ただ、それら重要なことを考えてみても、今回の話題にの中にある夫婦別姓問題や原発の再稼働や新造、補助金漬けの政策、そのようなものはすぐに実行できるはずだ。何十年も議論を積み重ね続けるだけでは意味がない。夫婦別姓などすぐに導入すればいい。反対する意味が不明だ。それはどうみてもお気持ちの表明で、それを政策として語る意味はあるのか。選択の問題であるので別姓を選ばない人もいるだろうし、選ばない人の方が多いとも考えられる。そんな改革すらできないでいる現状なのだ。これは政治に対して失望が広がってもおかしくないことではないだろうか。

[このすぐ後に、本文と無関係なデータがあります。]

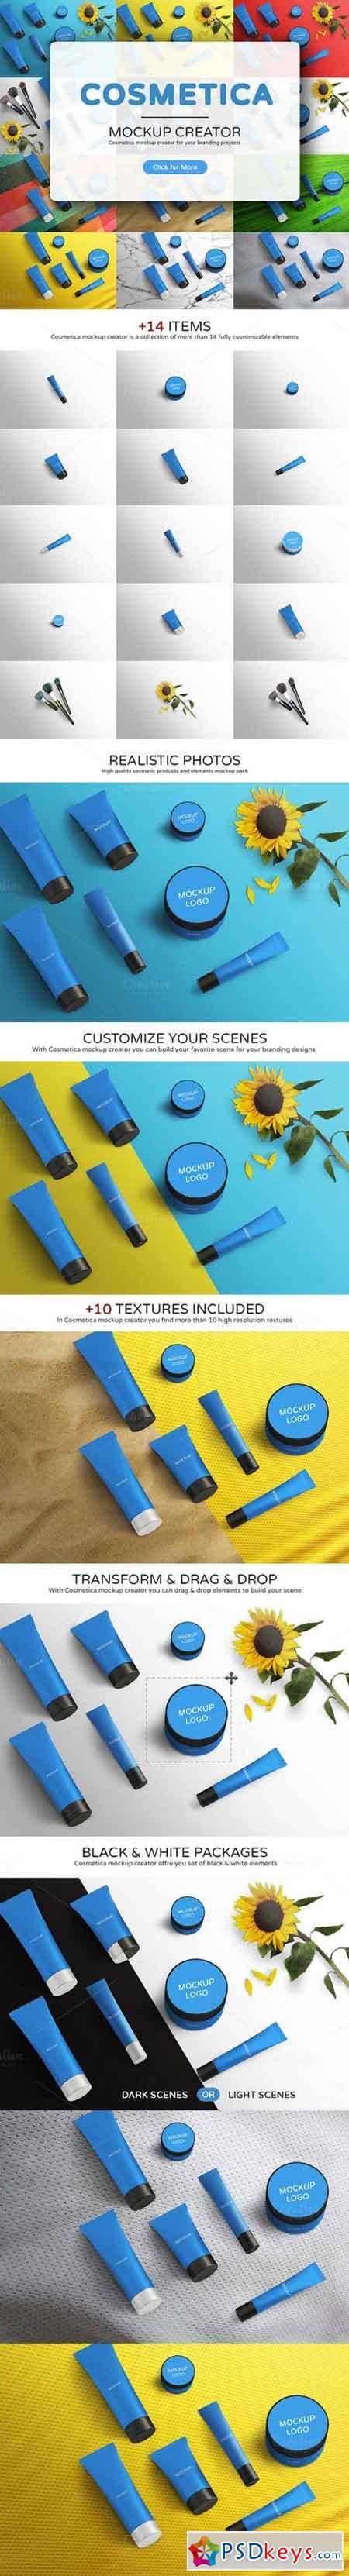 Cosmetica Mockup Creator 981709

また、主電源となりえない太陽光発電の賦課金の廃止や、原発の再稼働やSMR(小型モジュール炉)など研究開発と新造は、国の基盤を固めるうえで必要ではないだろうか。しかし、これまでもそれらは一つとして実現できていない。TSMCが進出した九州では原発も再稼働していて、電力は安く安定供給している。しかし国を挙げて取り組んでいる北海道のラピダスでは電力の見通しは暗い。いくら広大な北海道に太陽光パネルを敷き詰めてもメインの電源とはなりえないからだ。それ以外にもラピダスには問題があり、成功する確率は低い。そういうプロジェクトに国が莫大な補助金を投入するのは疑問だ。産業を育成したいのなら、障壁を取り払い、自由に競争させるしかない。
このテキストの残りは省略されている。